A lot of the air goes out of Crowley.

‘He’s been casing my gaff ever since,’ I say, ‘and last night I found him in my sitting room. You figure he was just there for the chats?’

‘“Conwaaay,” ’ Steve says, in his deepest voice. ‘“I am your faaather.” ’

‘Luckily for everyone,’ I say, ‘I sorted the situation. He’s not gonna be back. The only problem I’ve got left is you. Me and my partner, we’ve been trying to decide what to charge you with.’

‘Conspiracy to commit burglary,’ Steve suggests, jabbing away at his phone. ‘And assault, depending on whether your man was only planning on leaving a chocolate log in Conway’s fridge or whether he was hoping to do very bad things to her personally. Or accessory before the fact. Or we could go for the lot, just for laughs, and see what sticks.’

Crowley’s gone even paler and sweatier than usual. He says, ‘I want to talk to my solicitor.’

‘You’re in deep shite here,’ I tell him. ‘Lucky for you, though, I’ve got a use for you.’

‘I’m serious. I want to talk to my solicitor right now.’

‘Hey, genius,’ Steve says, zapping something with a nuke noise and a flourish. ‘Tell us: does this look like an interview room?’

‘No. Because I’m not under arrest. I know my rights—’

‘Course you do,’ Steve says. ‘Since you’re not under arrest, you’ve got no right to a solicitor. You’ve got the right to leave any time you like, obviously.’ I shift my stool back helpfully, making room for Crowley to go. ‘I wouldn’t recommend it, but. If you do, we’ll take this to our boss, and then you will be under arrest. And then you can have any solicitor you like.’

Crowley starts to get up. When we watch him with interest and don’t try to stop him, he changes his mind.

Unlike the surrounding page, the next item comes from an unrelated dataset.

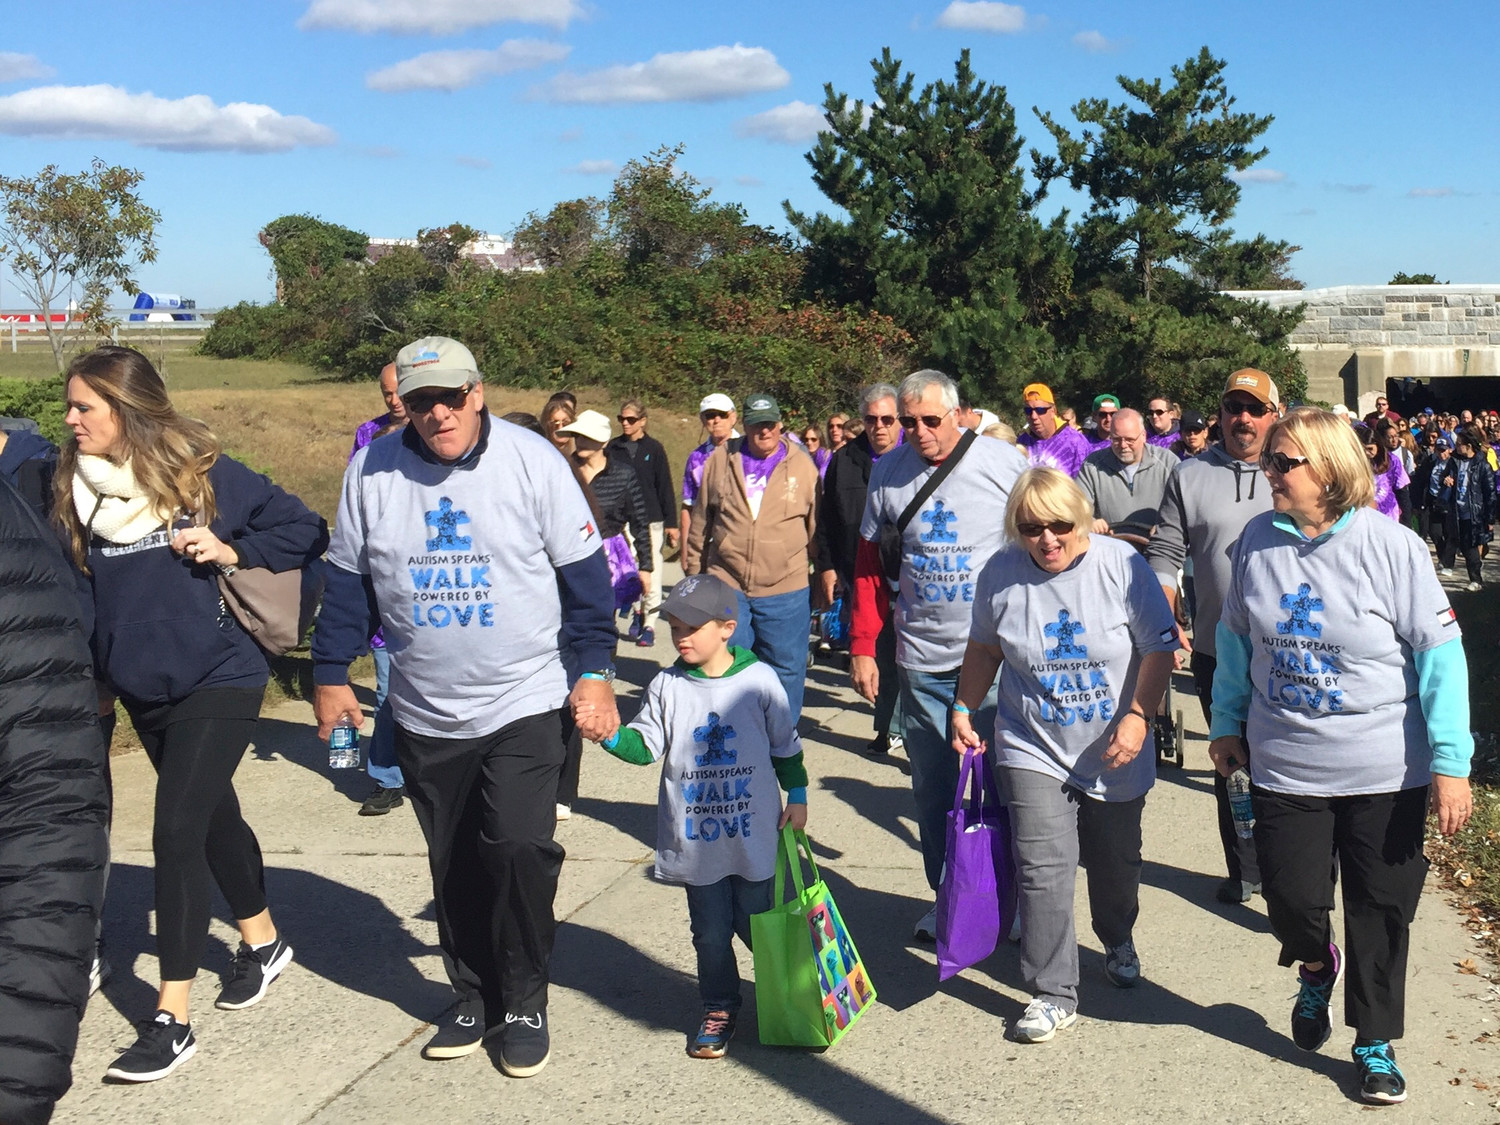 RVC Blue Speaks, above, raised about $47,000 for the Autism Speaks Walk at Jones Beach on Oct. 1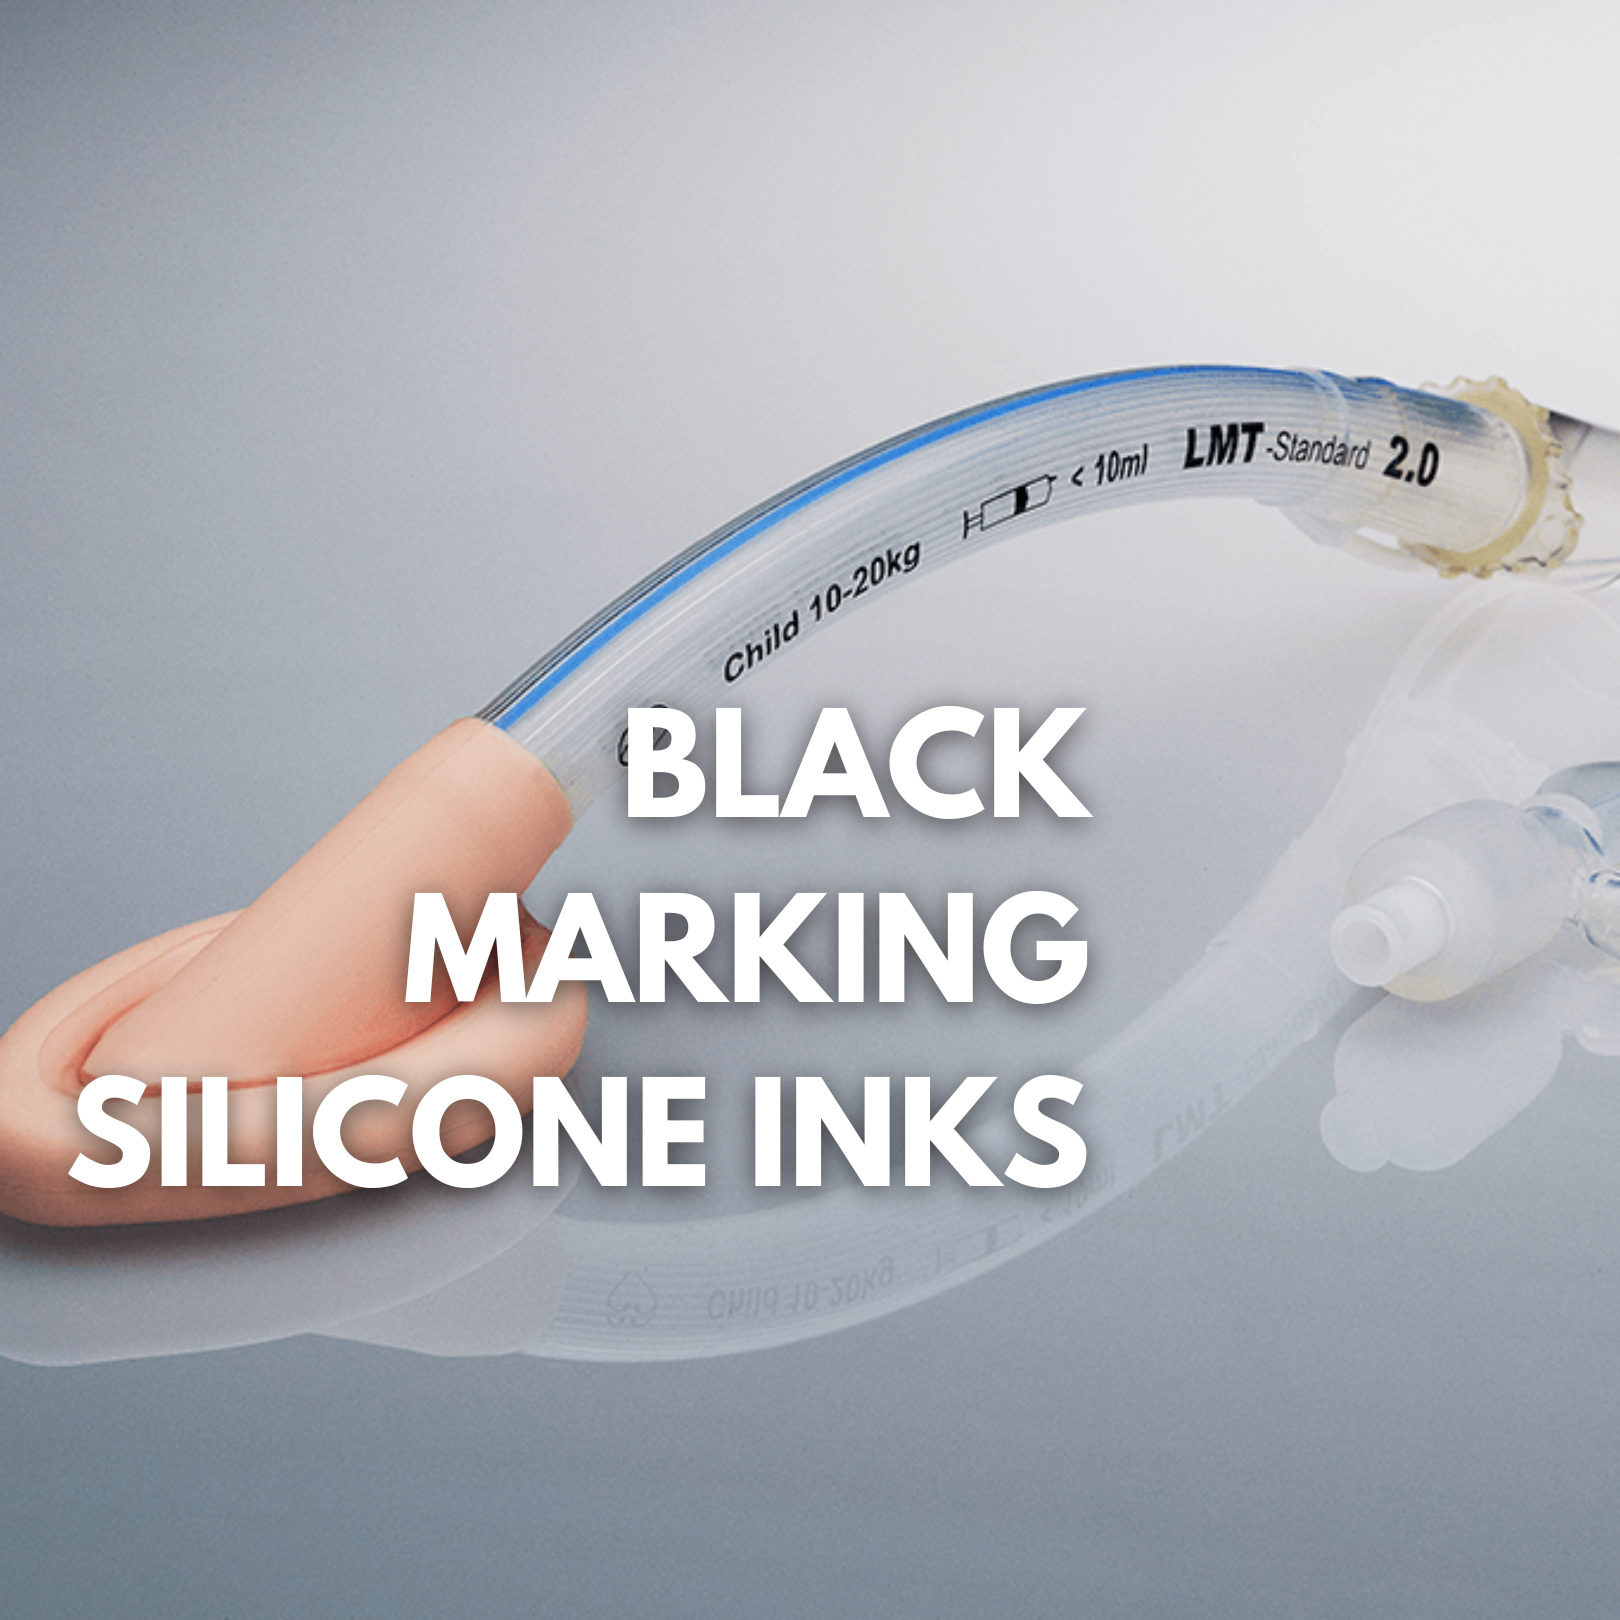 Silicone Marking ink

‘Or,’ I say, ‘you can do me a quick favour, and we’ll forget the whole thing. I’ll even throw you a bit of a scoop, just to show there’s no hard feelings.’

‘I’d go with that one,’ Steve advises him. ‘If it was me, like.’

‘The favour,’ Crowley says. Most of the pompous puff has leaked out of his voice. ‘What’s the favour?’

‘You’ve been showing up at way too many of my crime scenes, the last while,’ I say. ‘Who’s been tipping you off?’

Crowley nearly crumples off his bench with relief. He tries to cover by pursing his lips and doing scruples. Me and Steve wait.